Though it went through something of an identity crisis, a run-of-the-mill teen-centric drama this is not. If The Wire is really about Baltimore, FNL is really about small-town Texas. These two places might seem like world's apart, and in many ways they are, but the presence of Michael Jordon (a different one) in both shows hints at a deeper correspondence. The two Americas that David Simon likes to speak of are both on display in FNL, though it must be said that there is an (unrealistic?)optimism in FNL that is utterly absent from The Wire. Yet perhaps, just perhaps, that is more a criticism of the latter than the former.

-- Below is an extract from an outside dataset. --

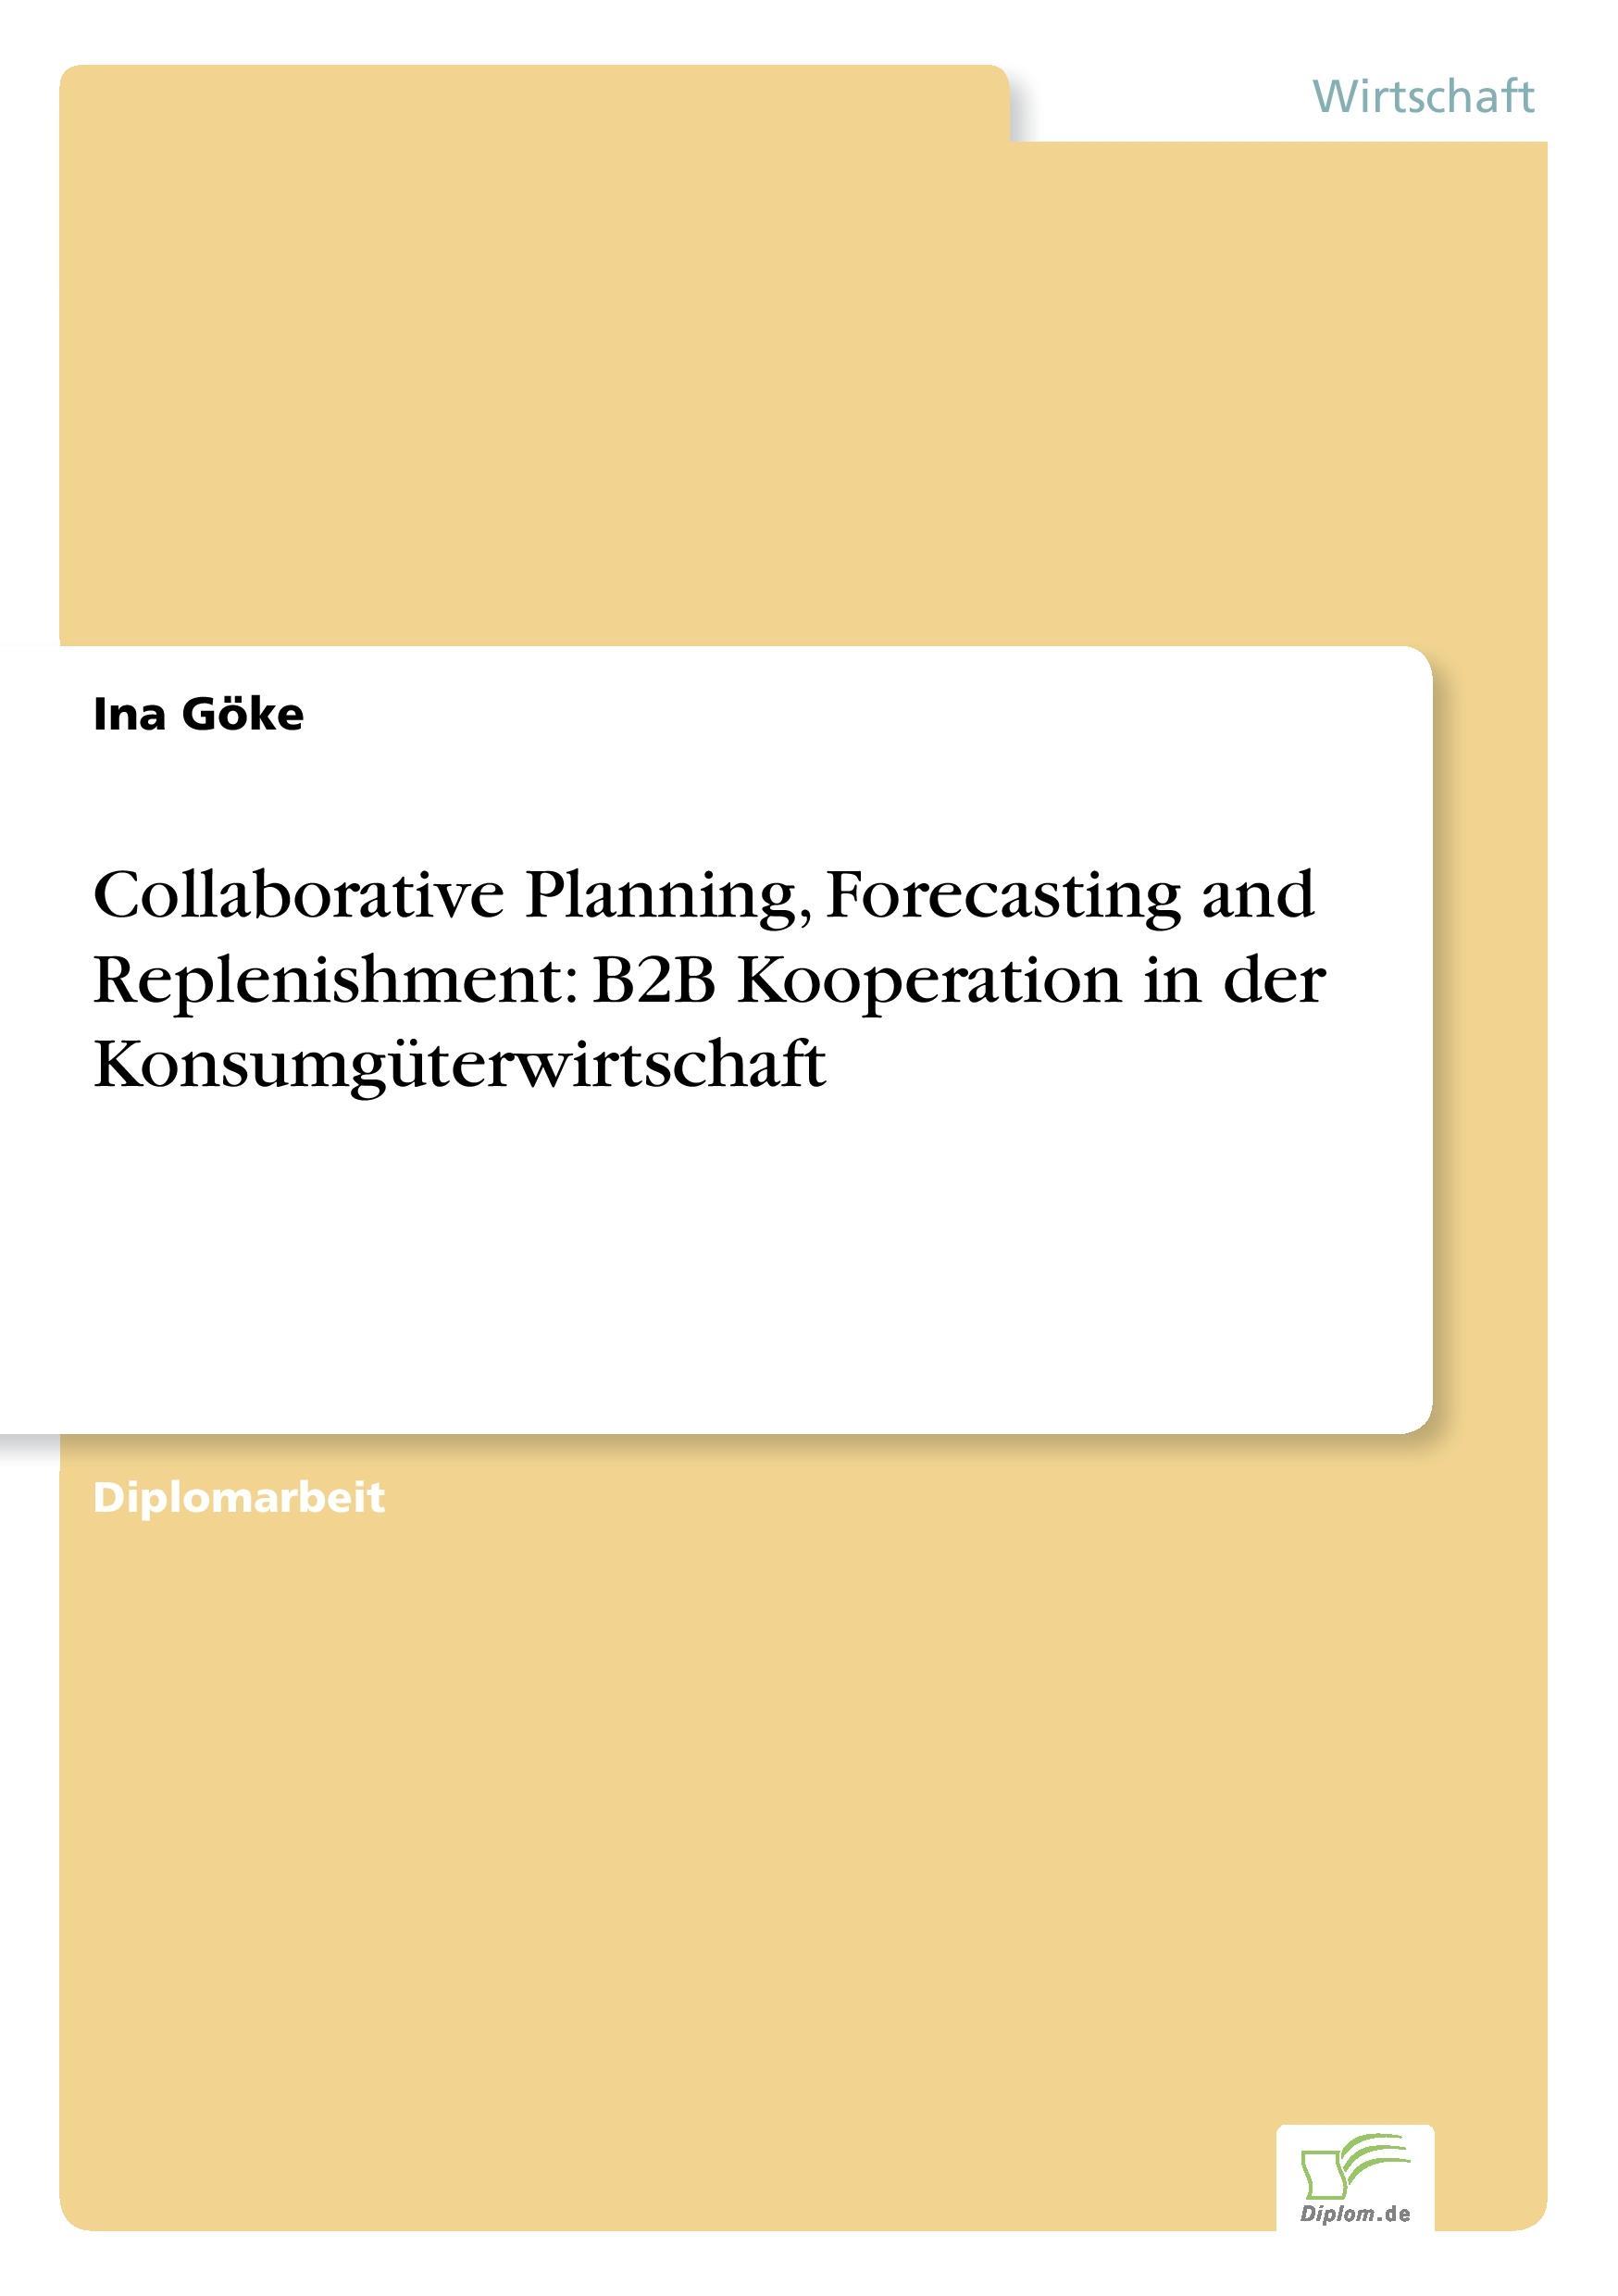 Collaborative Planning, Forecasting and Replenishment: B2B Kooperation in der Konsumgueterwirtschaft - Goeke, Ina

***Spoiler alert for FNL*** That said, I like to see a certain pessimism in FNL which may or not be intentional. One of the most surprising plots in the show is its (tentative) criticism of the military. It leaves us, to some degree, resentful of a soldier. That is something of a miracle for a series which is set in Texas and which aired on network television. In the final montage, we see one of the high school football stars in military gear, headed off to base camp to begin life as a soldier. The scholarship he presumed upon never materialised. He hadn't thought of anything other than playing football. So he hands his State championship ring over to his sweetheart, gets on a bus, and joins the army. This might be meant as a touching moment, but given what we have witnessed in the previous five seasons I have my doubts. Are we not in fact seeing the emergence of a new Saracen family, destined to end in division, resentment, and death?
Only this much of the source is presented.